The goal of the cart centering problem is to evolve a controller that can stop a cart in the exact center of the track before time runs out.  At every time step, the controller has two options at its disposal: push right or push left.  The track is frictionless, so nothing will slow down the cart but an opposite force.  Unlike the controller in the inverted pendulum problem, this controller can't choose to do nothing.  The magnitude of the force that the controller can apply is constant.  Each time the simulation starts, the cart is given a random initial position and velocity.  This way, the controller that develops will be more robust.
 
Since the computer simulation is composed of discrete time slices, it would be impossible for the controller to center the cart over the line at the same time its velocity is 0.0.  The simulator considers anything less than 0.05 as 0.0 when evaluating an expression.  On the screen, there are two relevant numbers in green giving the cart position and cart velocity.  When the cart is within the range of the simulators approximate 0.0, these numbers will turn blue.  This is simply a way for users to see how close a controller is to being successful.
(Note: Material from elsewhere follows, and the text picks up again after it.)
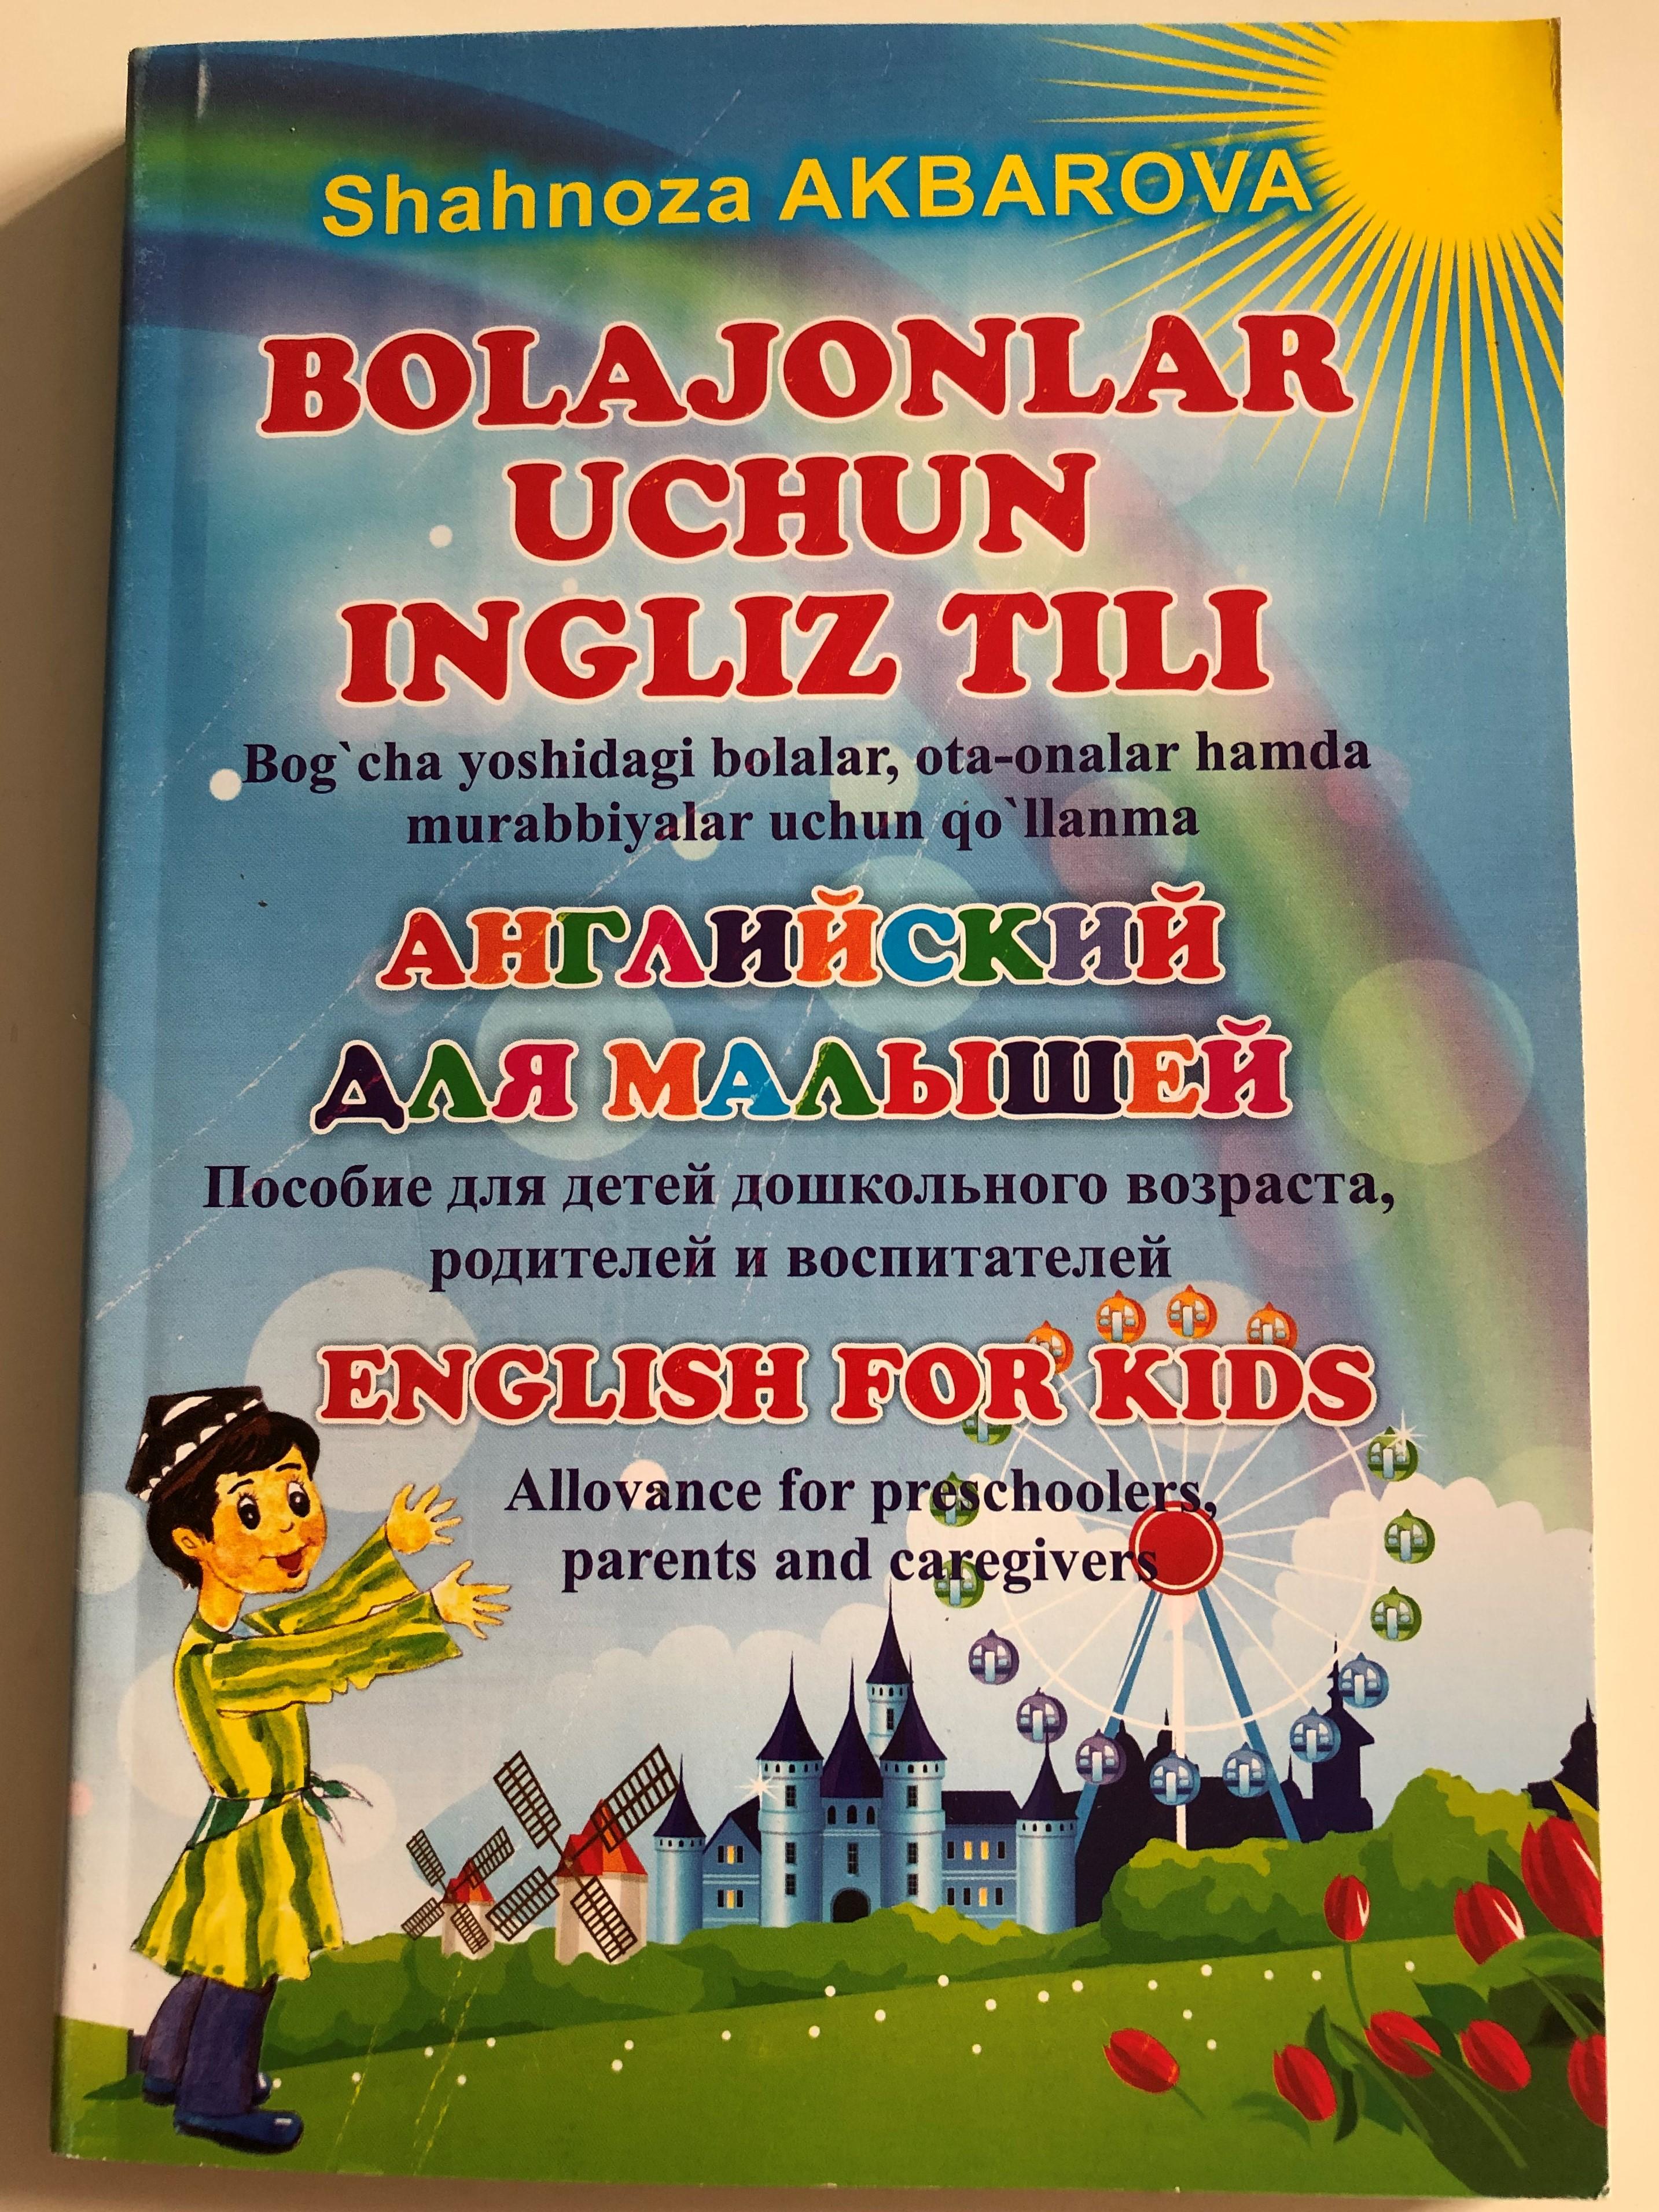 bolajonlar-uchun-ingliz-tili-by-shahnoza-akbarova-english-for-kids-allovance-for-preschoolers-parents-and-caregivers-uzbek-russian-english-learning-book-paperback-color-pages-ijod-press-2017-1-.jpg

This problem was adapted for a problem proposed by John Koza (1992).

Expressions

Each expression can be composed basic math operations, constants, conditionals, and some environmental variables. Add, subtract, multiply, divide, absolute value, cosine, sine, inverse cosine, and inverse sine are available to expressions, as well as a branching conditional "if less than zero branch one way else branch the other way". Constants range in value between -10.0 and 10.0.  The following environmental variables are available to expressions:
 
cartVelocity the horizontal velocity of the cart
cartDistance the distance of the cart from the center of the track

The simulation is composed of a series of time steps that represent about one-twentieth of a second in real time. The output of each controller tells the simulator how to push the cart at each time step.  A value of 0.0 or more means apply a force to the right.  Otherwise, the simulator will apply a foce to the left.

Criterion for evaluating the controller

Each expression is given 3 chances to successfully center the cart.  Each time, the pole starts at a slightly different position and velocity.  Since a controller cannot be allowed to run forever, each controller has to balance for 350 time steps.  After the controller is successful, or after 350 time steps have passed, the expression is evaluated using such factors as:

Based on these criterion, points are given to each expression.  The higher the number, the better chance the expression will be bred in later generations.

Results

The outcome of this experiment was good.  A suitable controller that can center the cart can usually be found.

References

Koza, J. R. (1992). Generic Programming: On the programming of computers by eans of natural selection. Cambridge, MA: MIT Press.